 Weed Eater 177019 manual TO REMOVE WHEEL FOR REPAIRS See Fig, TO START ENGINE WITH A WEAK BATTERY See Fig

* * *

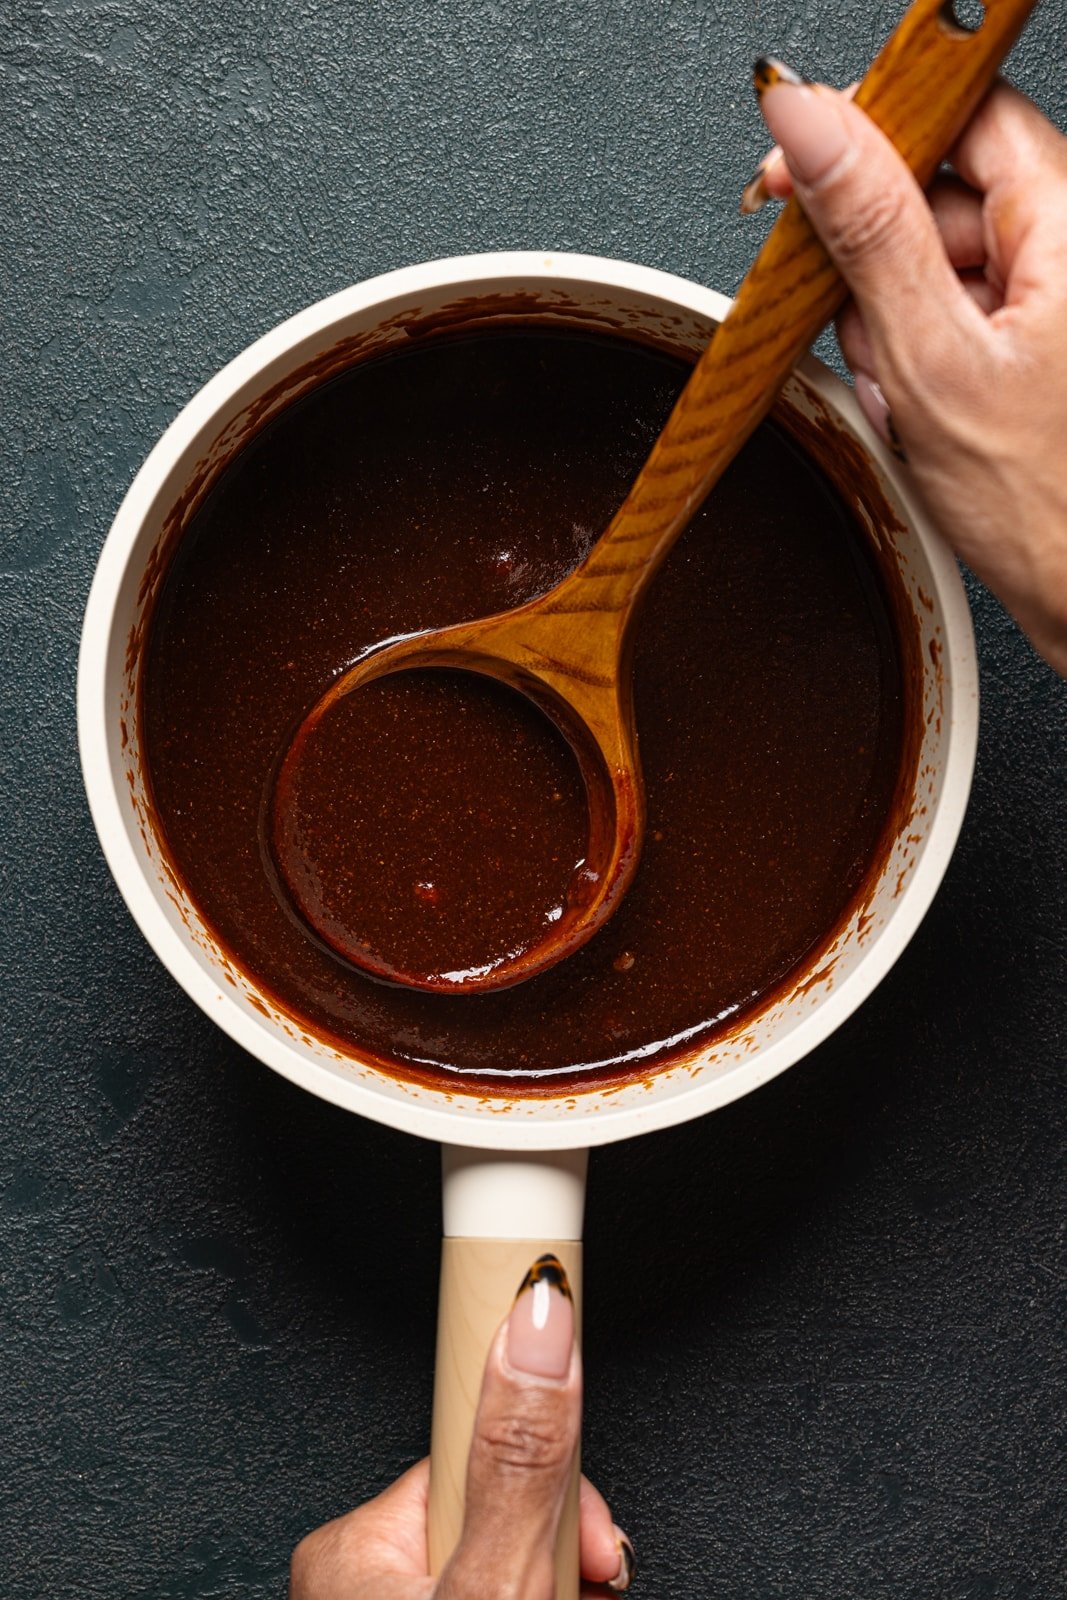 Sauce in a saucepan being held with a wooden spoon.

* * *

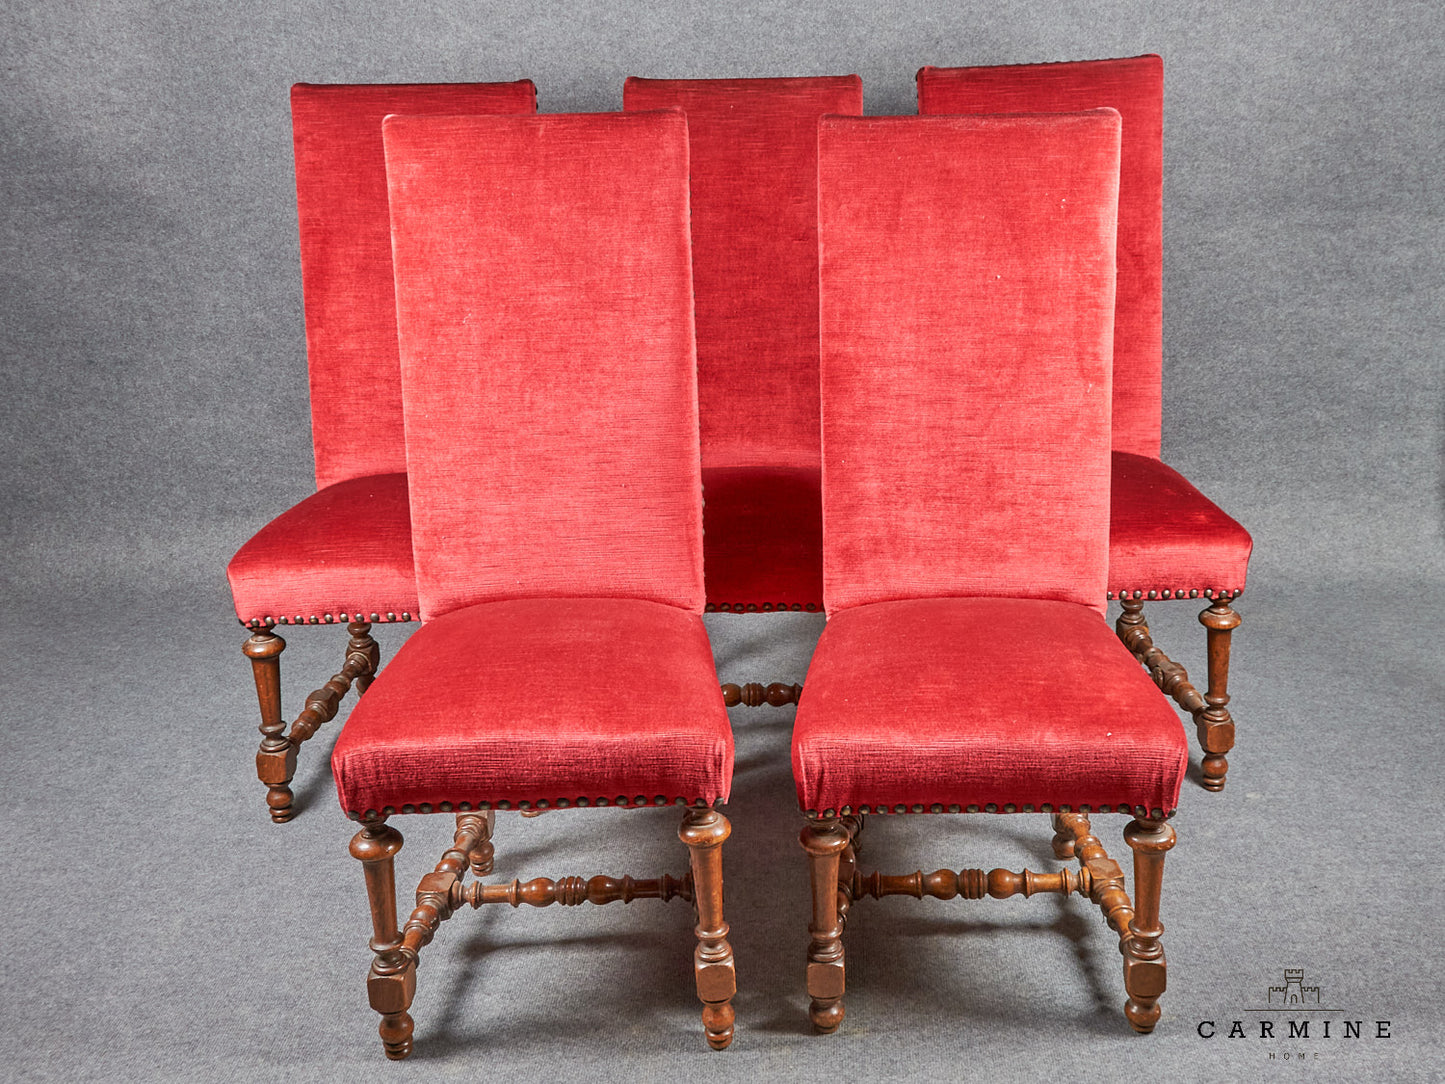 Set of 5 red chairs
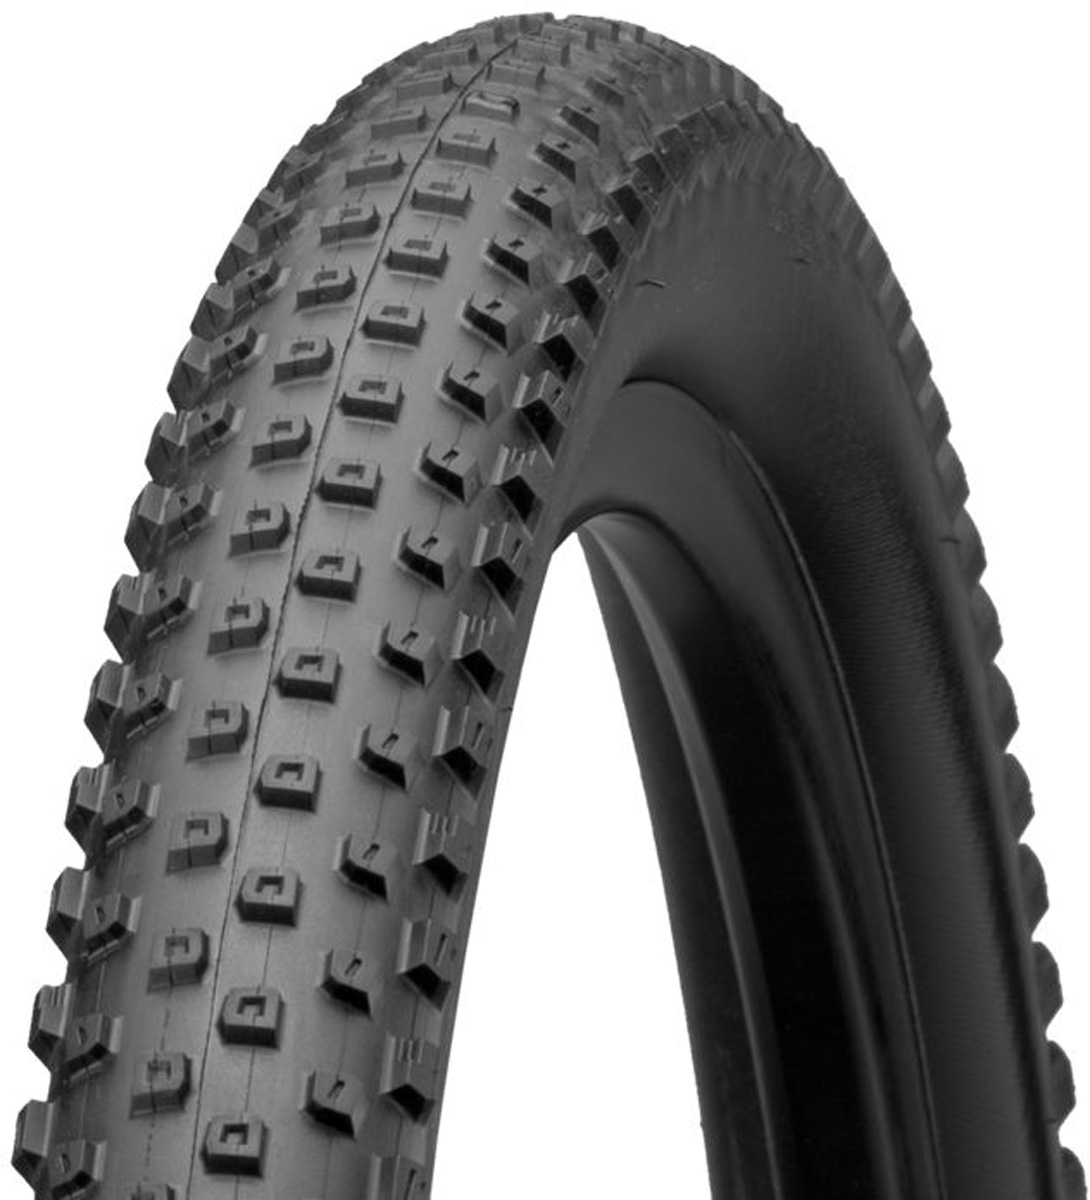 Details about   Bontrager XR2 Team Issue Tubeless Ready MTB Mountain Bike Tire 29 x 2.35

AIM OF THE EXERCISE -> Leave the pictures out. Output, exactly, the lines of the material above starting at the line containing "Set of 5 red chairs" and ending at the line containing "Tire 29 x 2.35".

ANSWER ->
 Set of 5 red chairs
 Details about   Bontrager XR2 Team Issue Tubeless Ready MTB Mountain Bike Tire 29 x 2.35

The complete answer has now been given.